Directions: Everything in the listing below should be repeated exactly, apart from the pictures.

Data below:
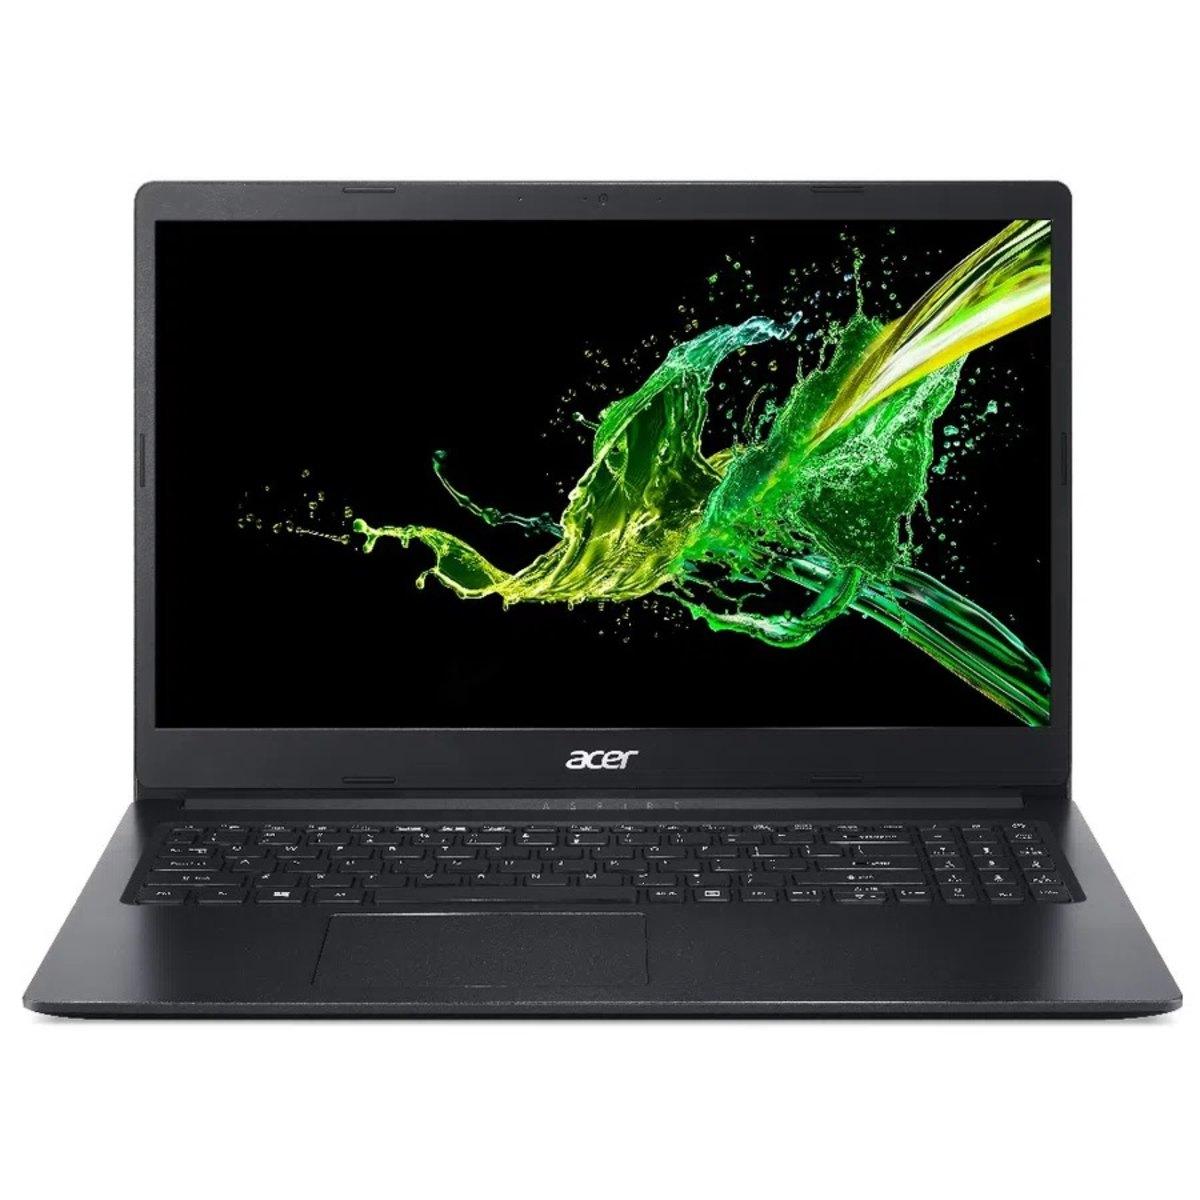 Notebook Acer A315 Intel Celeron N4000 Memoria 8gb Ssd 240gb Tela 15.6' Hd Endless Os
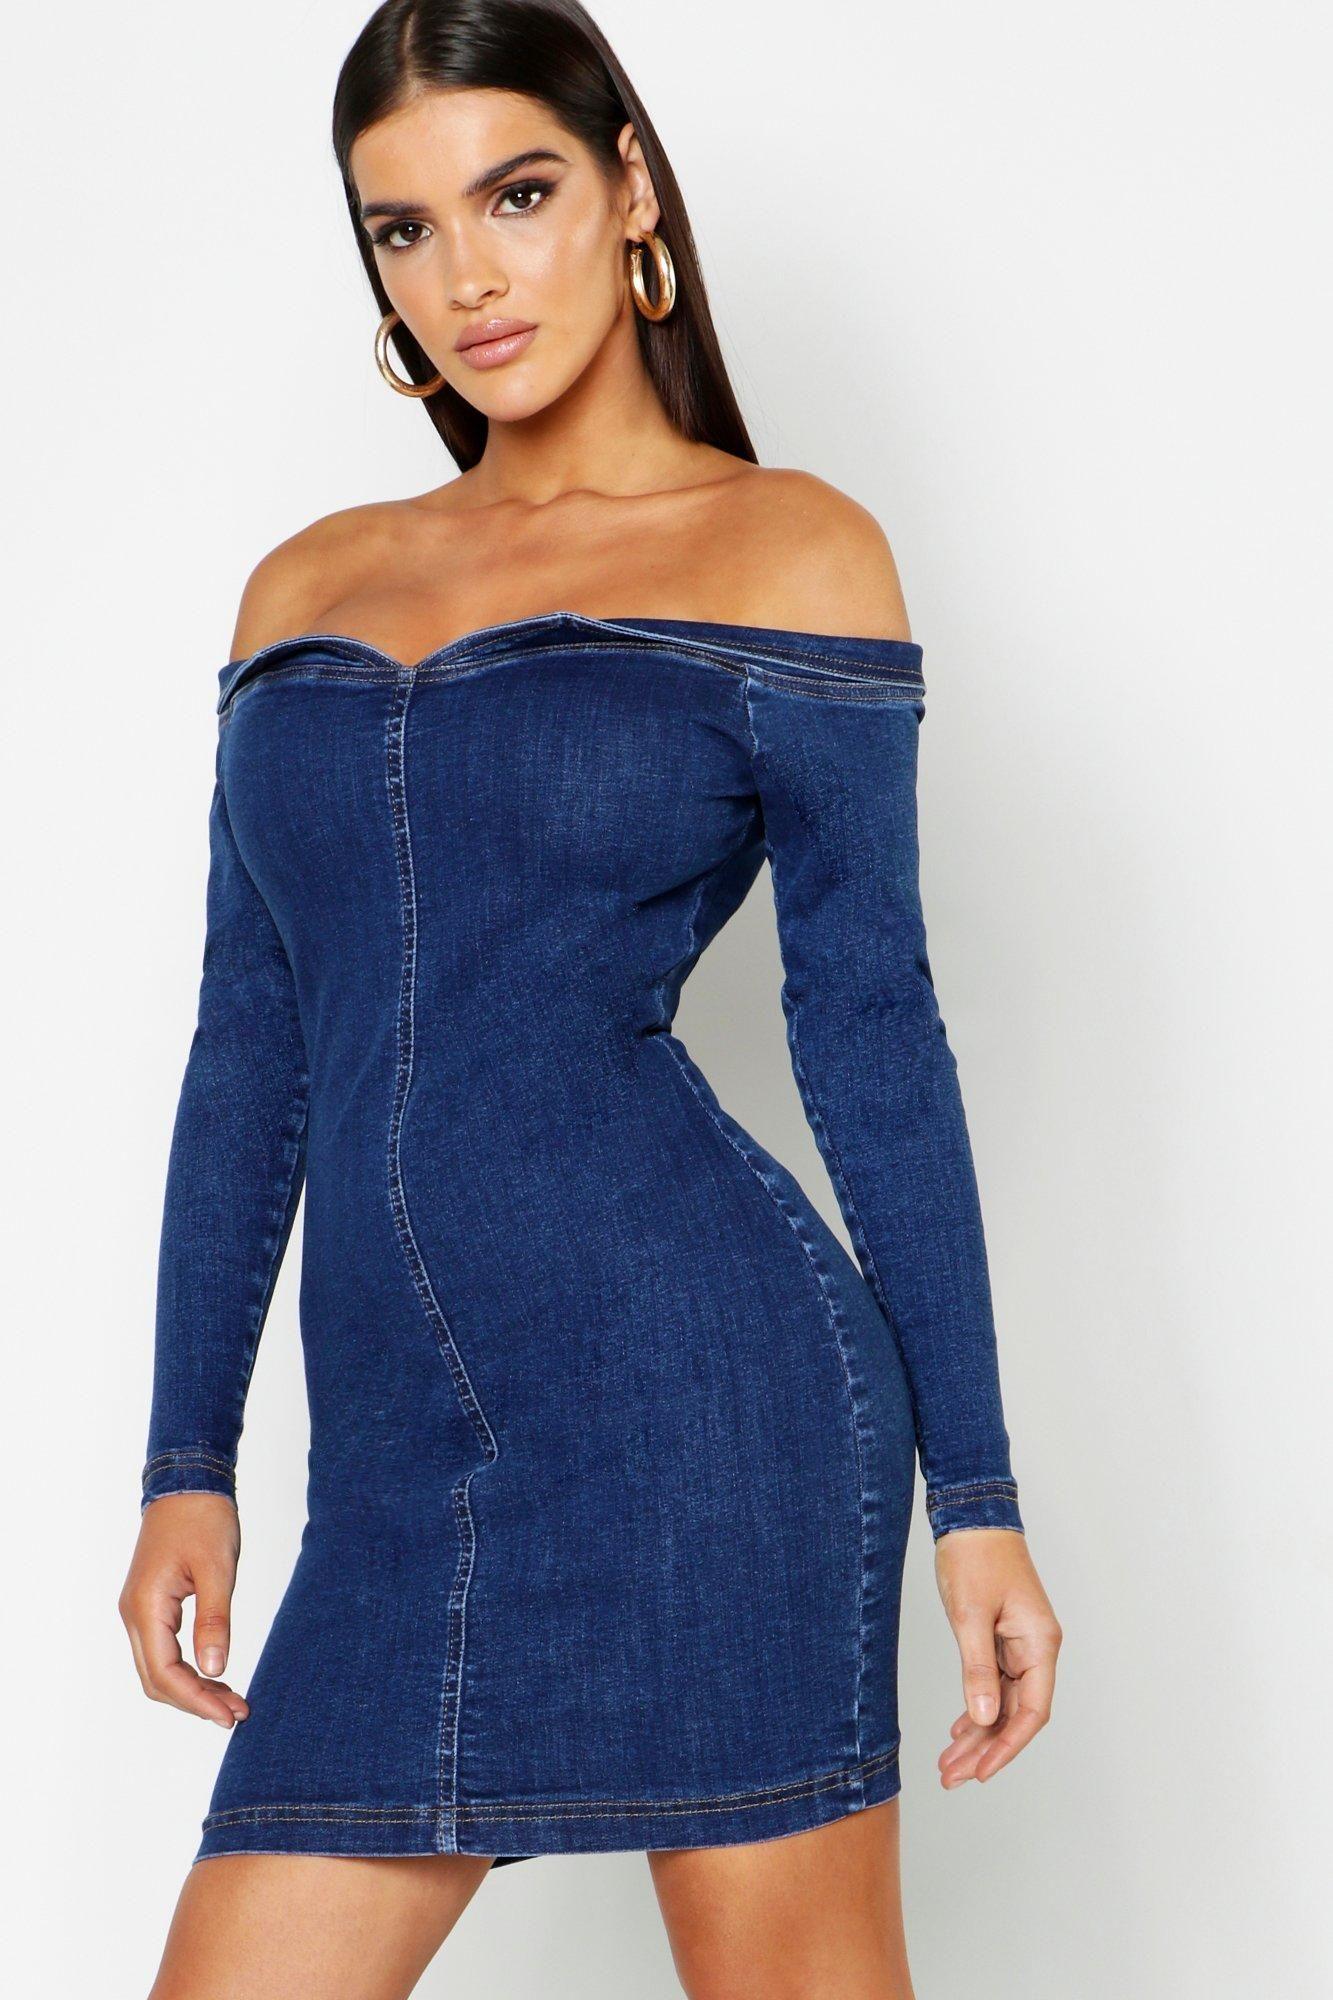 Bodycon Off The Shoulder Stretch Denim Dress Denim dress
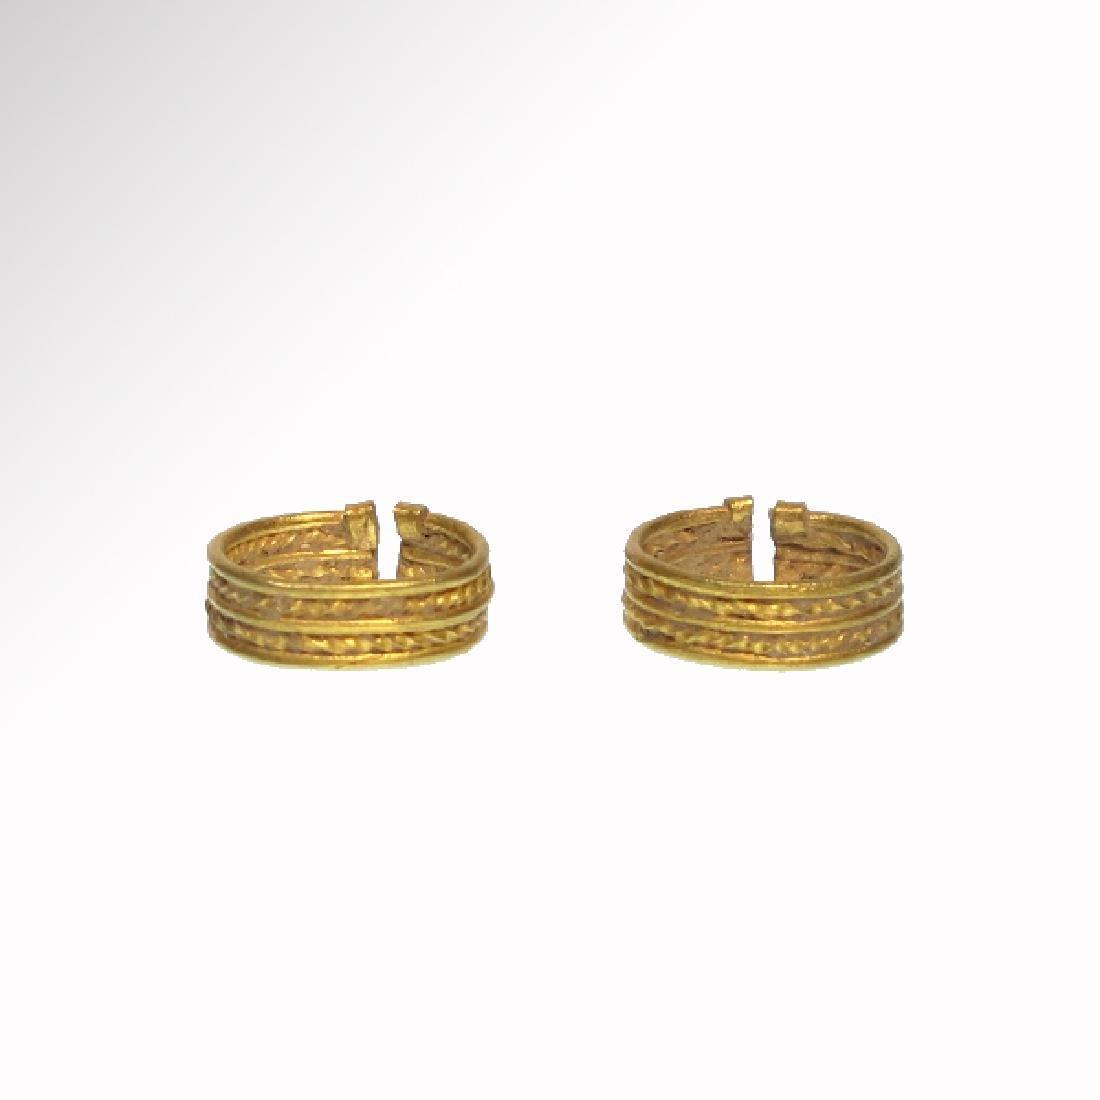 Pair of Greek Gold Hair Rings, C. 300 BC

Expected output:
 Notebook Acer A315 Intel Celeron N4000 Memoria 8gb Ssd 240gb Tela 15.6' Hd Endless Os
 Bodycon Off The Shoulder Stretch Denim Dress Denim dress
 Pair of Greek Gold Hair Rings, C. 300 BC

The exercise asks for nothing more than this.